Since these keep floating up, I'm already exhausted with this specific rebuttal to Morehead's review:
> As pointed out in John Gruber’s hard takedown of Moorhead’s piece, most of the problems he encountered were software problems, not M1 hardware issues.
Morehead's allegiances and work are relevant biases, as are Gruber's. But Morehead's review wasn't of the M1 processor or architecture as a technology. It was a review of the 13" M1 MacBook Pro as an end-user device.
Software problems _are_ worth raising in a review of who should buy an M1 MacBook, and why someone shouldn't.
Because of the architecture change, the M1 has to come up — to omit its role in requiring Rosetta would be lying through omission. It's not an indictment of the technology, and shouldn't be controversial, for an end-user review to say the first OS revision targeting the first generation of a piece of hardware maybe isn't ready for every task thrown at it, especially those that rely on the newest of the new software components. It's why my workplace isn't even mostly on Catalina yet, much less Big Sur.
For the love of whatever stupid internet points people are trying to win, let Morehead's review go. It's contributor report on Forbes, which makes it only slightly more relevant than a Reddit post.
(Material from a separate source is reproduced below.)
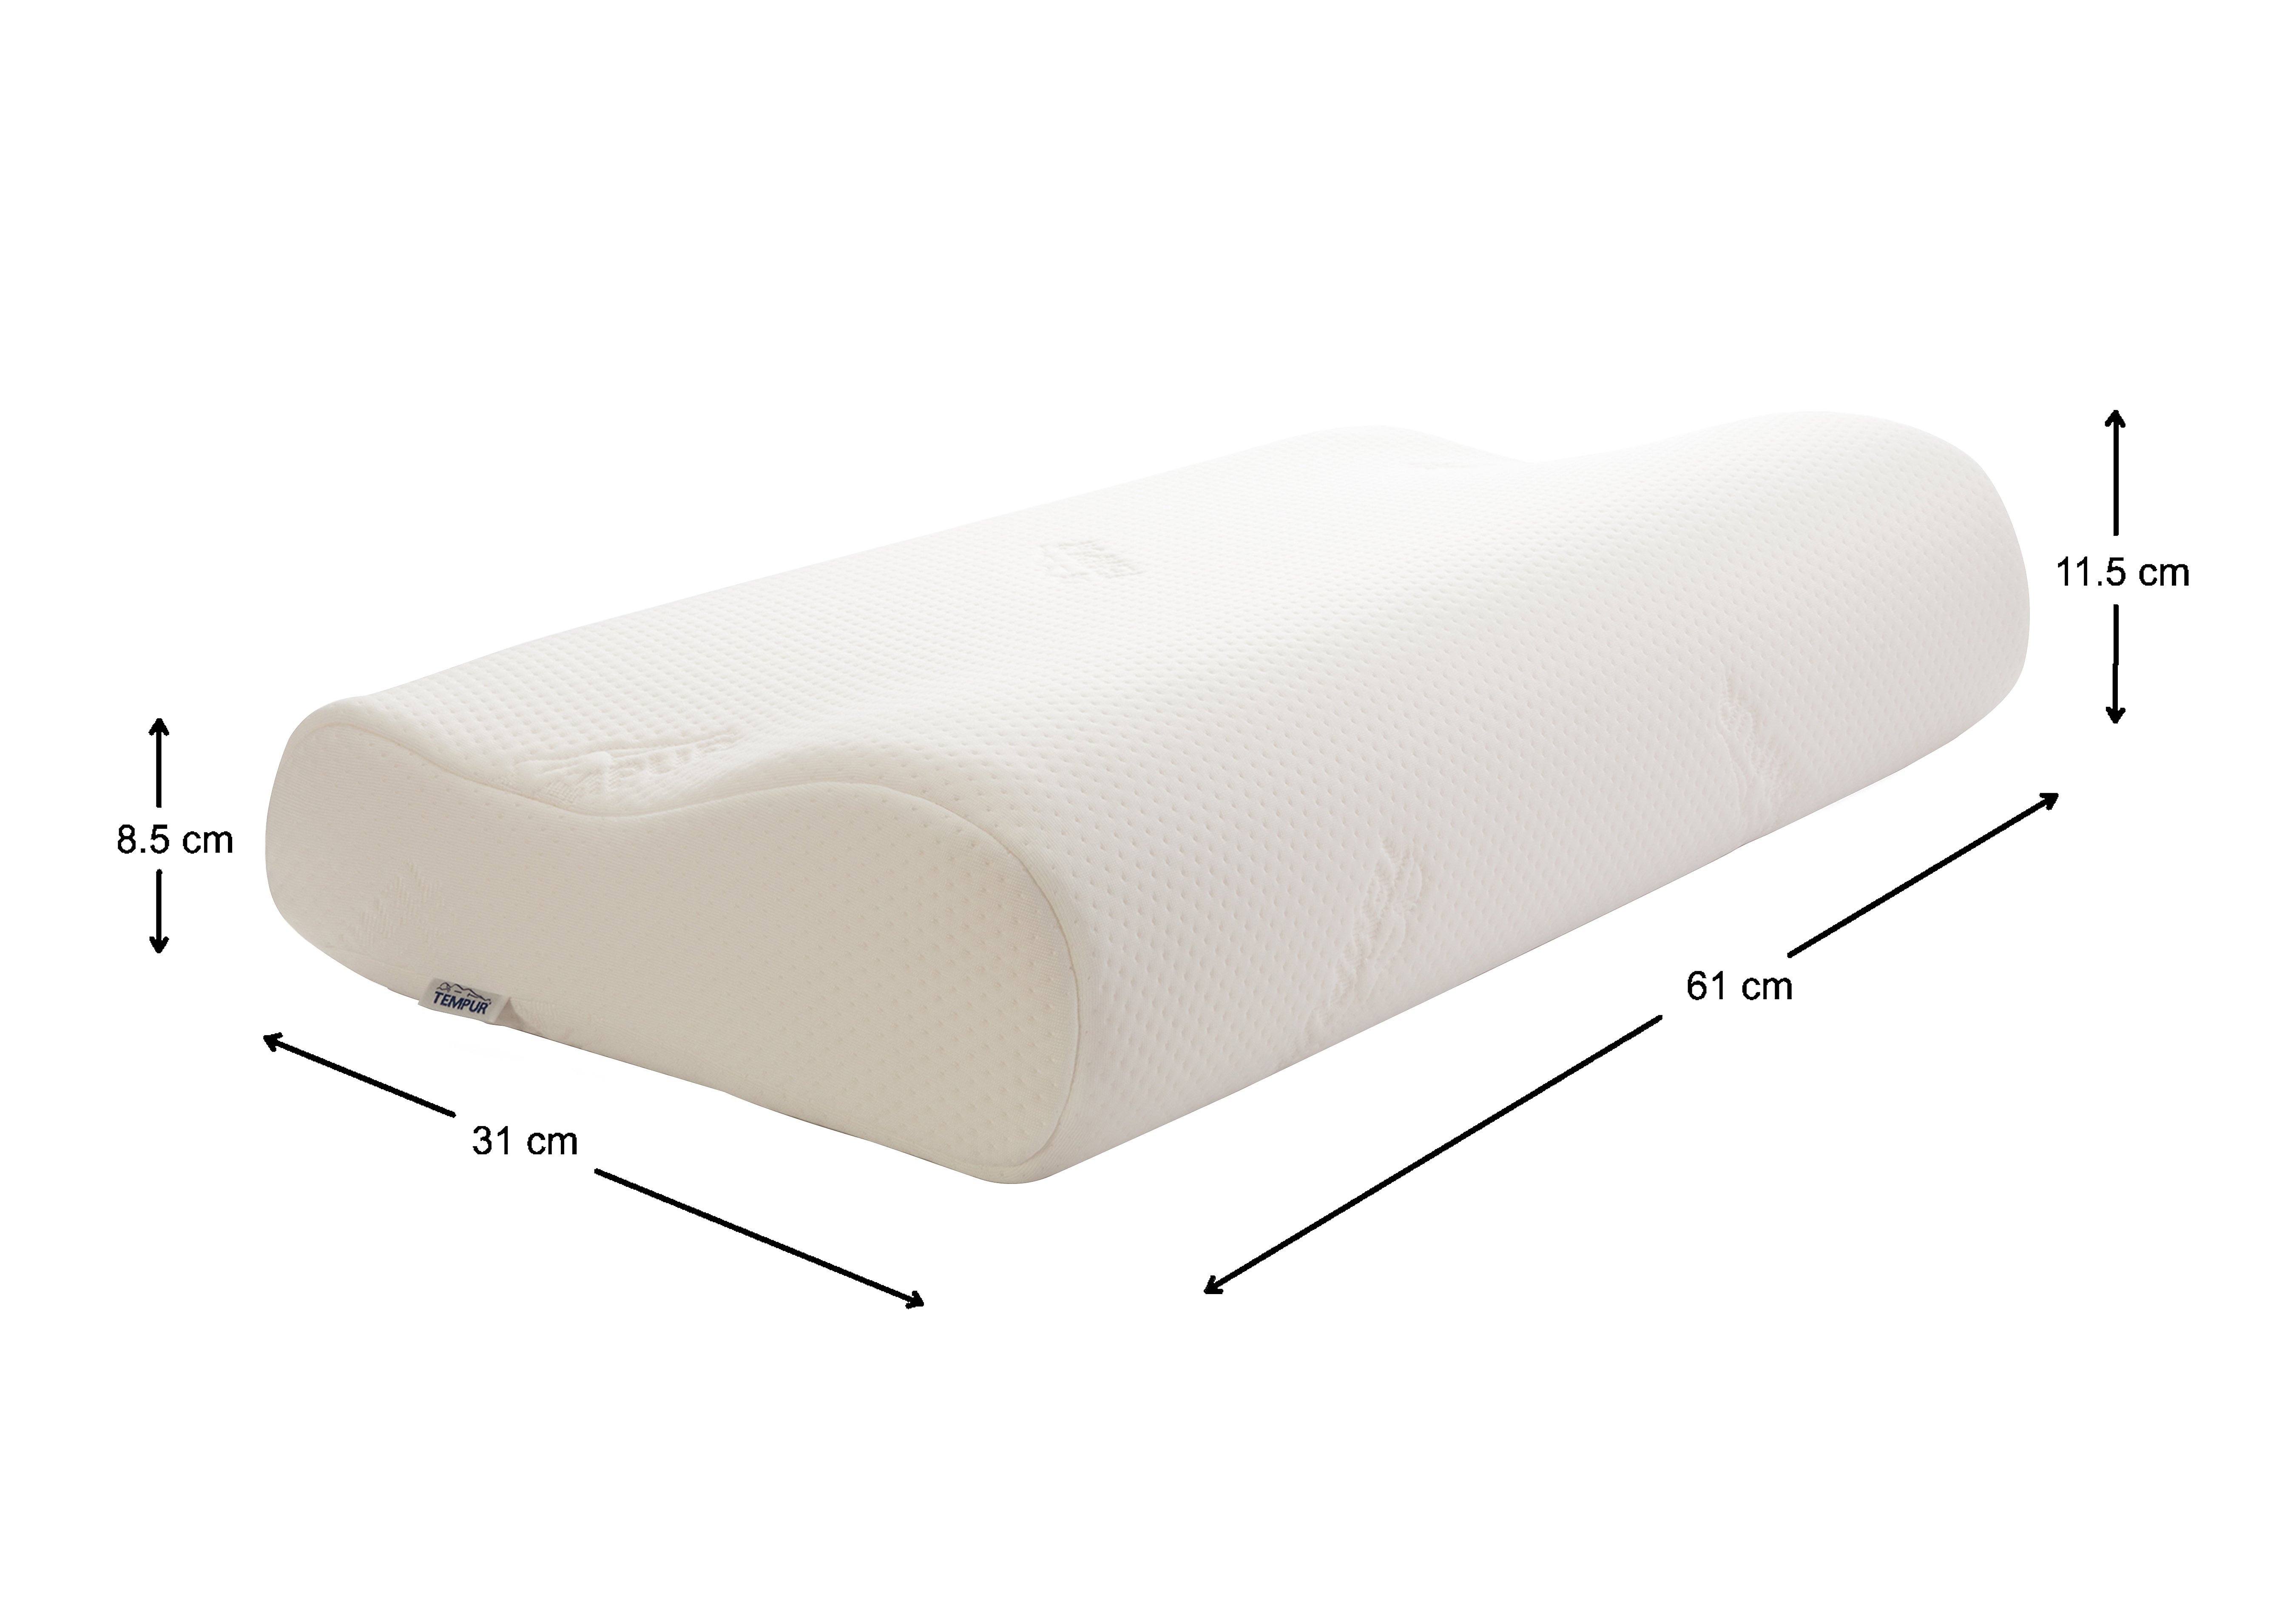 Comfort Pillow Original Large in  on Furniture Village

Folks can absolutely find better things to squabble over about these computers.
> Morehead's allegiances and work are relevant biases, as are Gruber's. But Morehead's review wasn't of the M1 processor or architecture as a technology. It was a review of the 13" M1 MacBook Pro as an end-user device.
Moorhead's review literally contains this sentence:
> The new M1 processor is impressive, but far from perfect- it has many warts, that nearly nobody is discussing.
He then proceeds to describe not warts of the M1 as a processor, but rather warts of the 3rd party software ecosystem. I think overall the review is fine and not in bad faith, but it's easy to see how people are latching on to that sentence. If he were honest about making it a review about the overall product experience, rather than the silicon, he wouldn't need to write that sentence.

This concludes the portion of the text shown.